医療措置協定の締結に関しては,府医を通して集合契約といった形で行政と締結することも検討したいと考えている。
北部地域の医療体制について
地域中核病院である京都府立医科大学附属北部医療センターの建て替えについて,府医を含めた形で検討を重ねているが,北部医療センターを含めた北部地域の医療体制がどのように想定されているのか,明確でない現状がある。ドクターヘリの配置が検討されているが,3次医療の機能を持たない病院にあるドクターヘリが救急患者を収容した場合,患者は必要に応じてその機能がある京都市に運ばれることになるとも考えられる。車のアクセスで1時間程度の豊岡と2時間以上かかる京都市では利便性に大きな差が生じる。
地域の救急医療体制とドクターヘリの運用等について,どのように想定されているのか。
〈回答〉
北部医療センターは築45年経っており,旧耐震基準で建て替え・整備の必要があるが,整備するにも様々な支障が出ているため予算が縮小されることが予想される。
特に丹後地域の医師にはご尽力いただいているが,3次救急がないため,京都府も懸念している部分である。全国平均で人口100万人対2.7施設であるのに対し,京都府は2.3施設と低い水準であり,救命センター(3次医療施設)の設置を考えなければいけないと考えている。
京都府北部地域の医療提供体制として未確定な要素が多いが,医療従事者の配置に関しては,京都市内から派遣するなど対策が検討されている。

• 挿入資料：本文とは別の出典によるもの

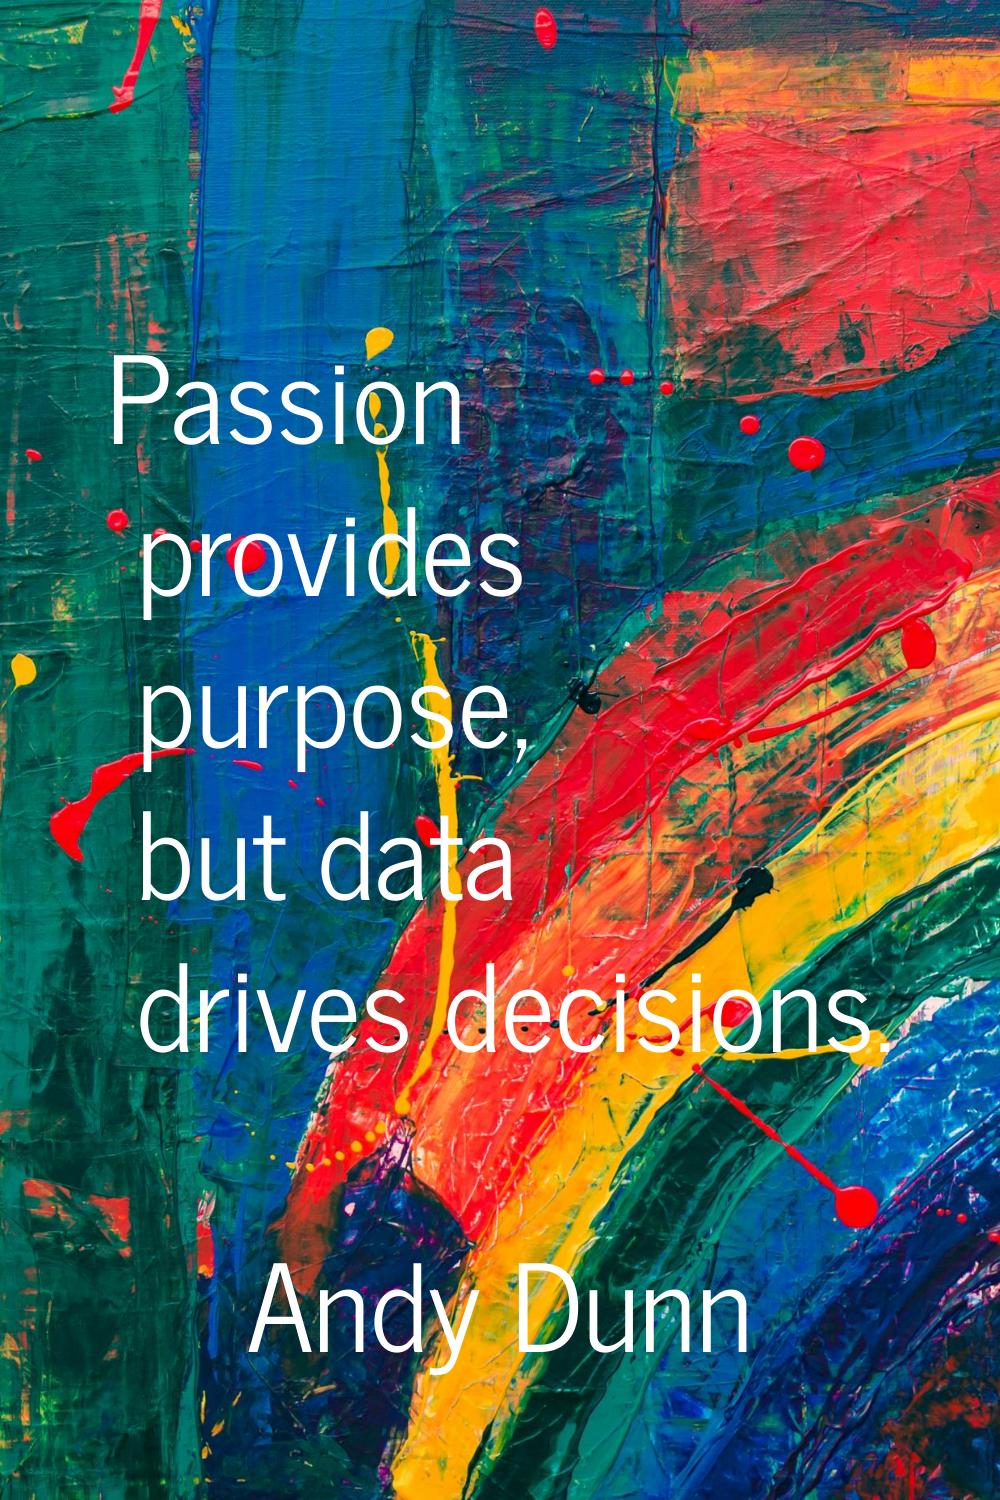 Passion provides purpose, but data drives decisions.

令和4年度における兵庫県豊岡市のドクターヘリの依頼件数は280件,京都府南部が大阪府へ30件,滋賀県へのドクターヘリが36件であり圧倒的に京都府北部が多いことからも,調整が必要である。
また,脳卒中・循環器疾患対策として各医療圏域において,京都市内に搬送される患者数の調整など検証する必要があるが,北部の医療状況を京都府と共有し連携する必要がある。